Try it:
When you transcribe the data below, reproduce every line exactly and leave each picture out.

Dataset excerpt:
[Start of section]
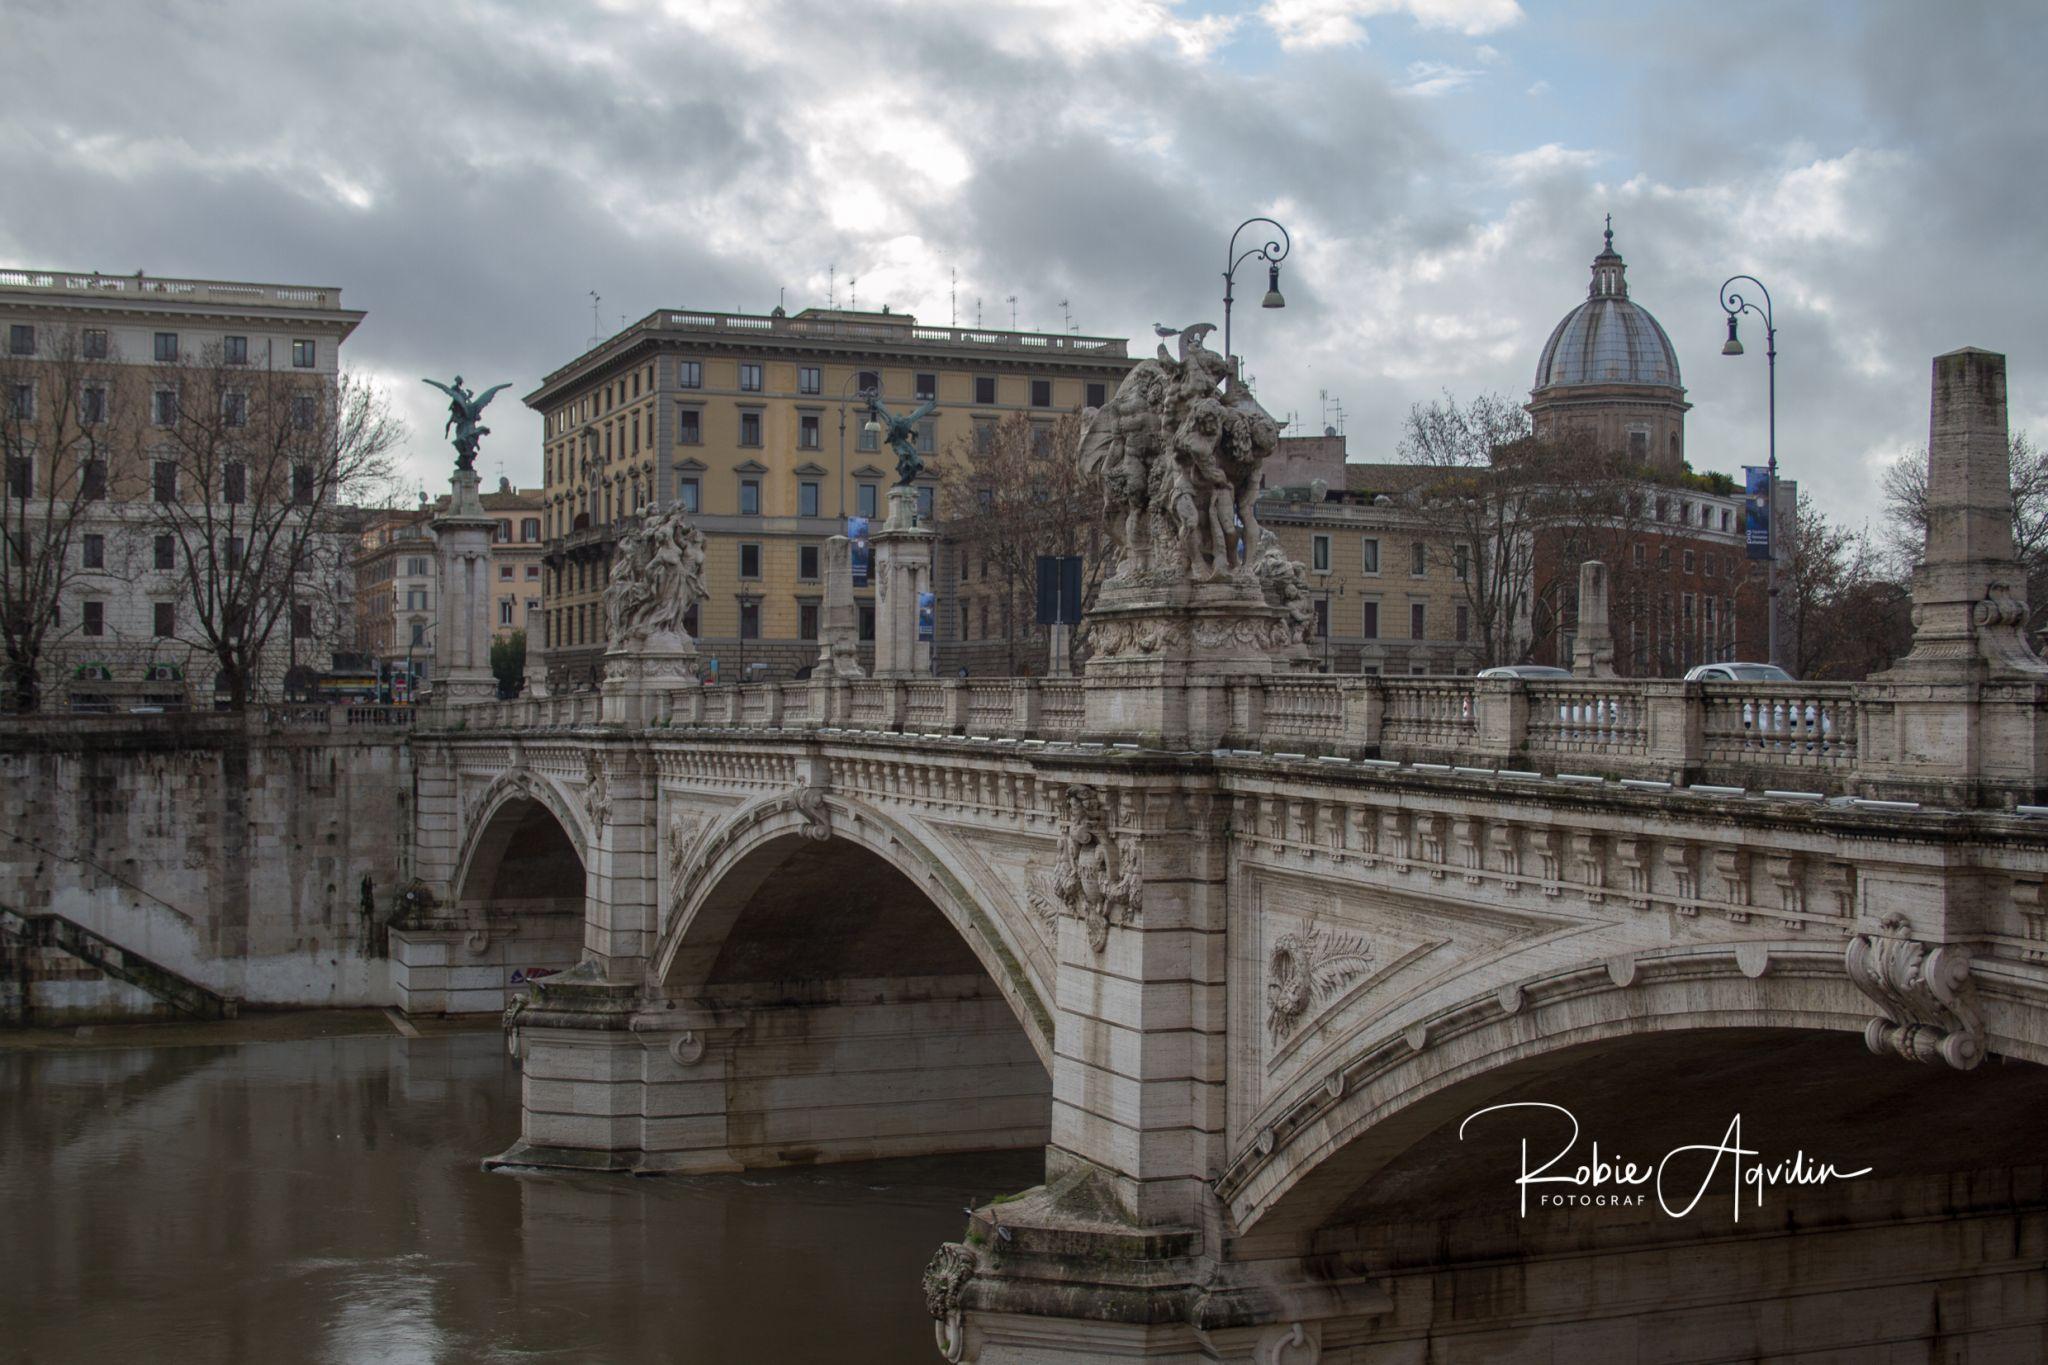 Tiber river, Italy
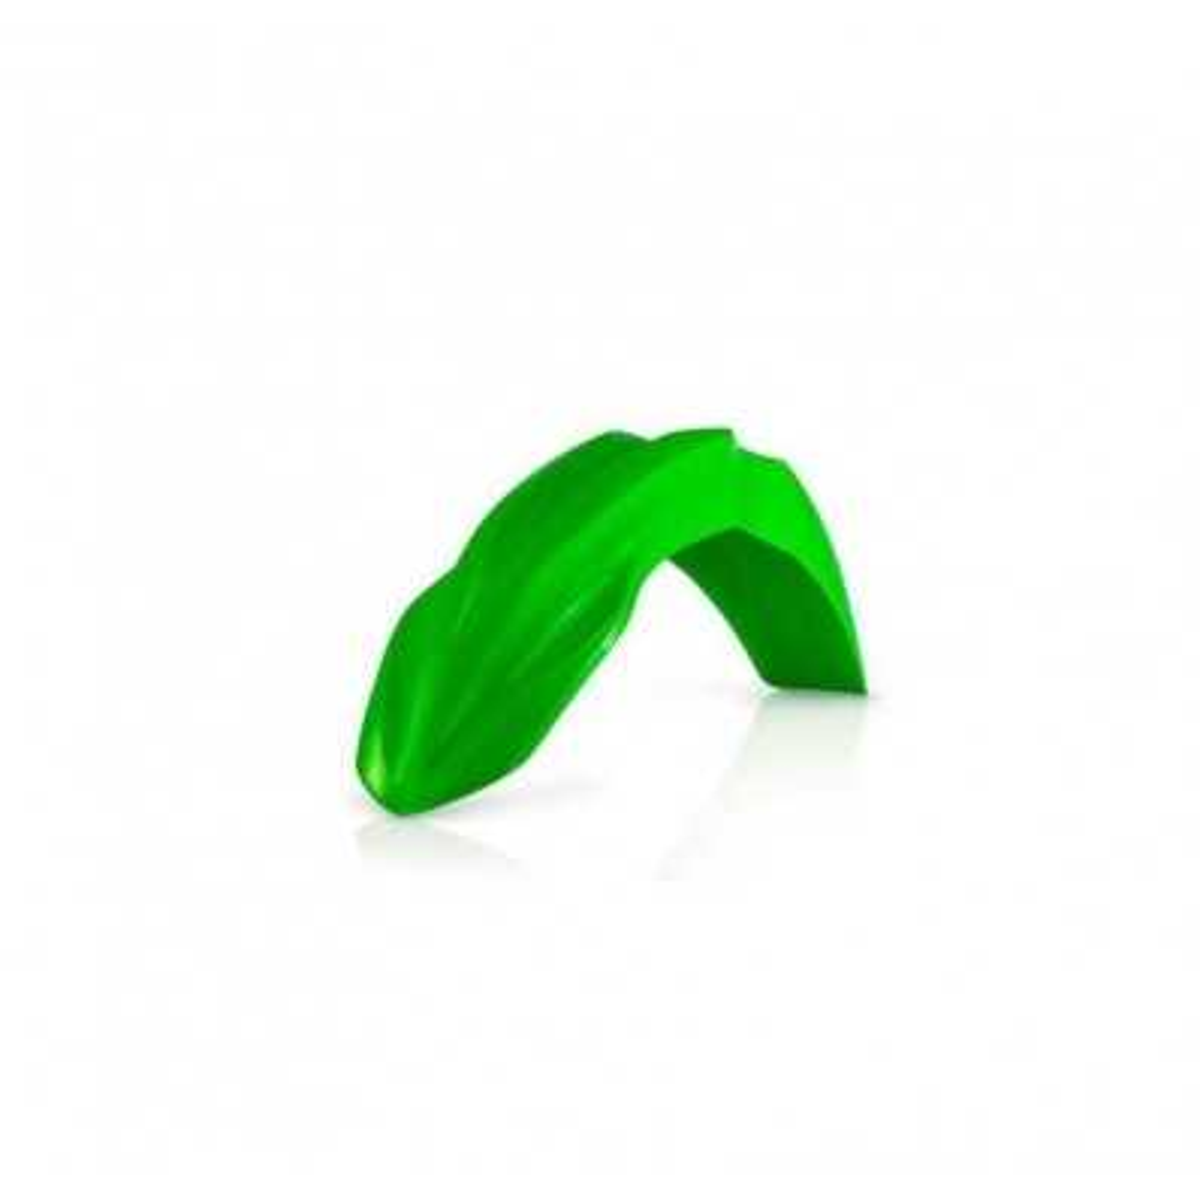 0016880-130 - Guardabarros Delantero Kx-F 250 13 16 Verde
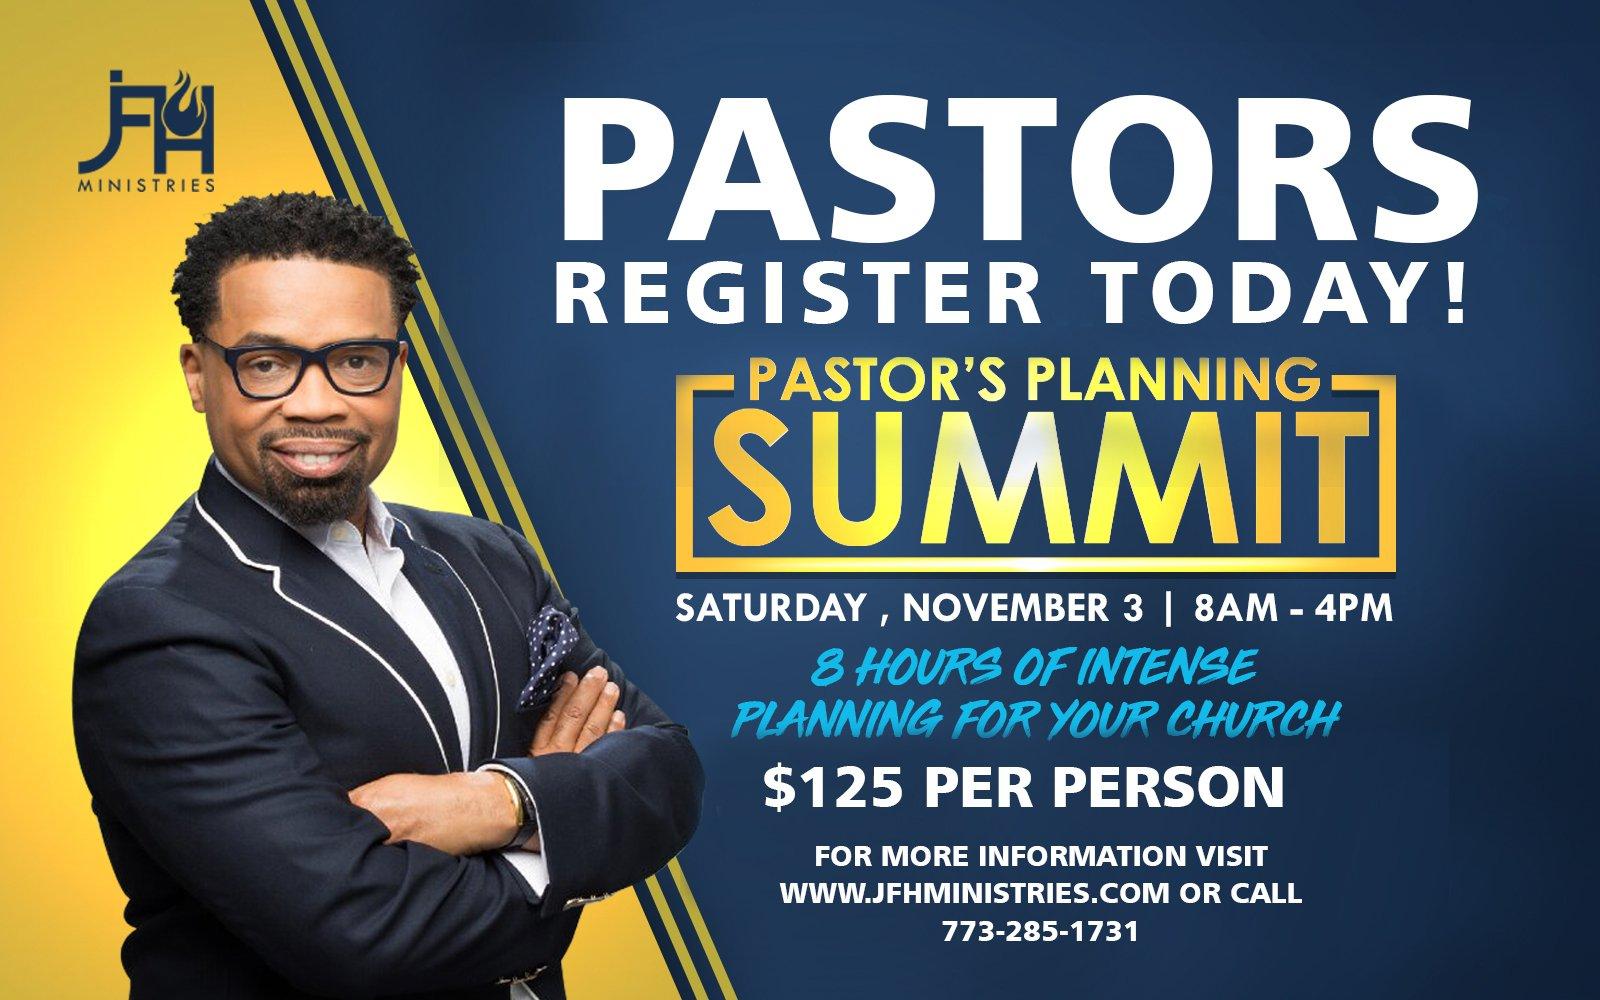 John_Hannah_Pastors_Planning_Summit_Banner_1_1600x.jpg
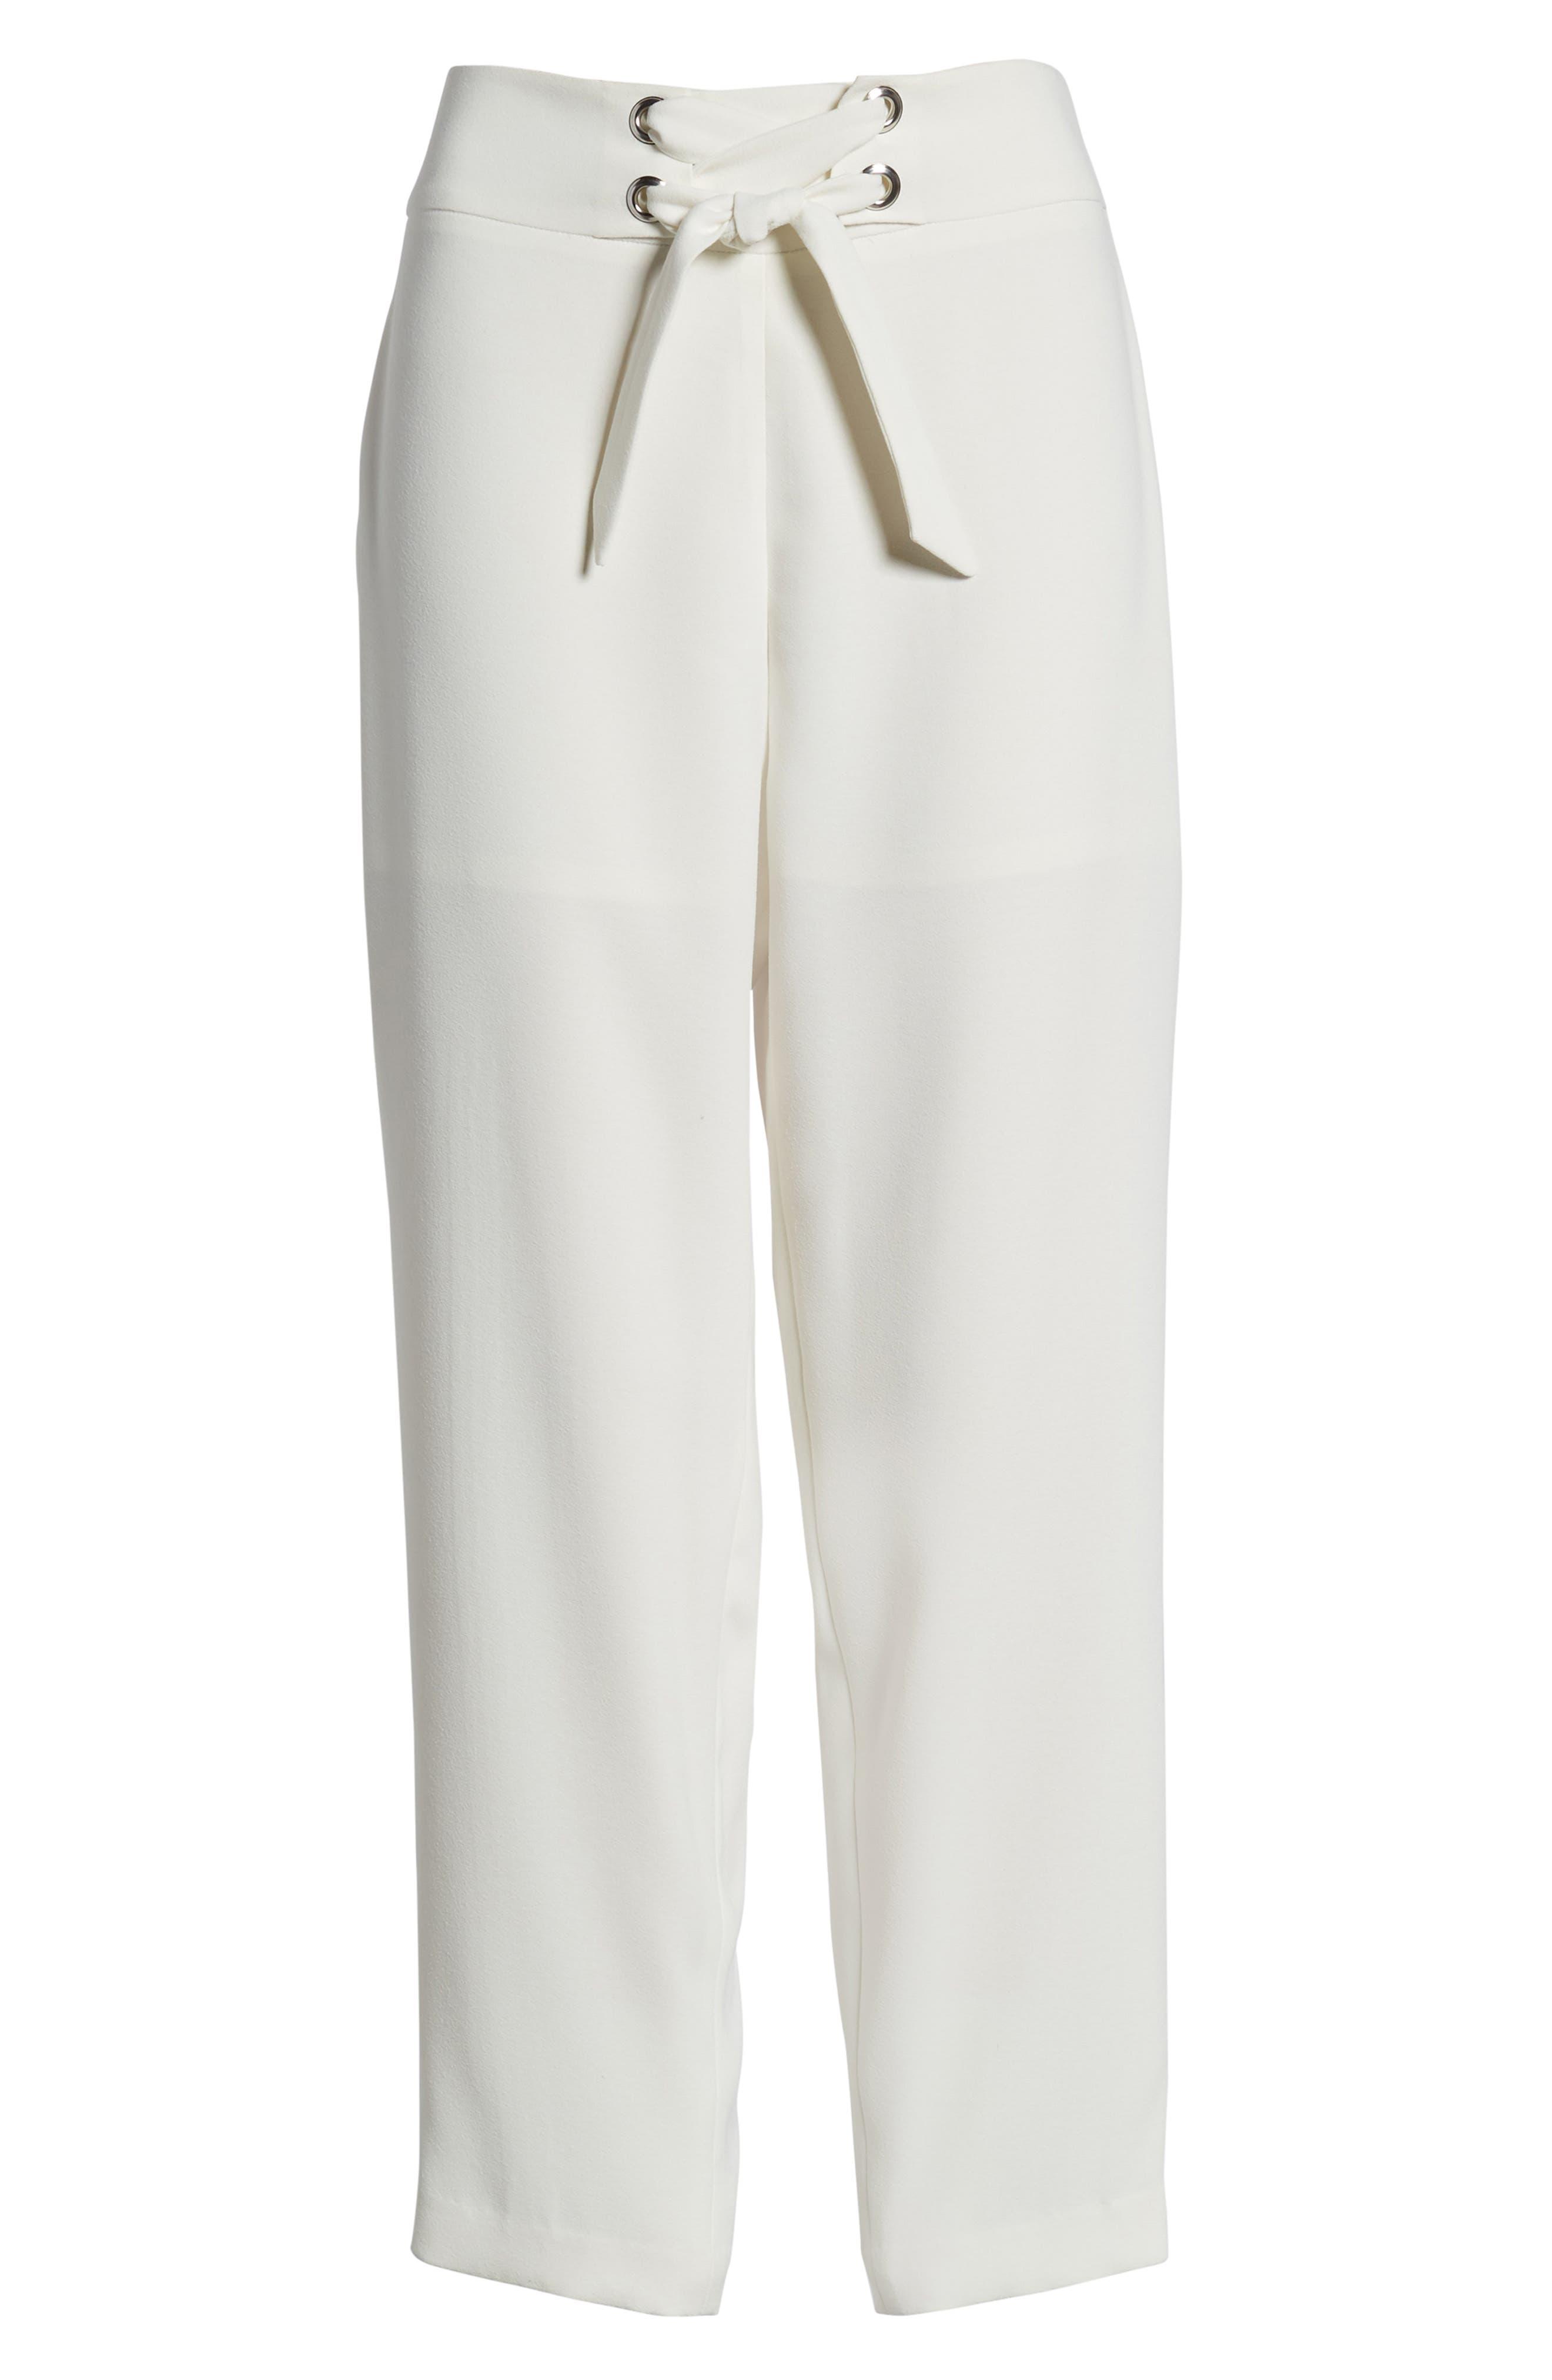 Tie Front Pants,                             Alternate thumbnail 7, color,                             Ivory
[End of section]
Response below:
 Tiber river, Italy
 0016880-130 - Guardabarros Delantero Kx-F 250 13 16 Verde
 John_Hannah_Pastors_Planning_Summit_Banner_1_1600x.jpg
 Tie Front Pants,                             Alternate thumbnail 7, color,                             Ivory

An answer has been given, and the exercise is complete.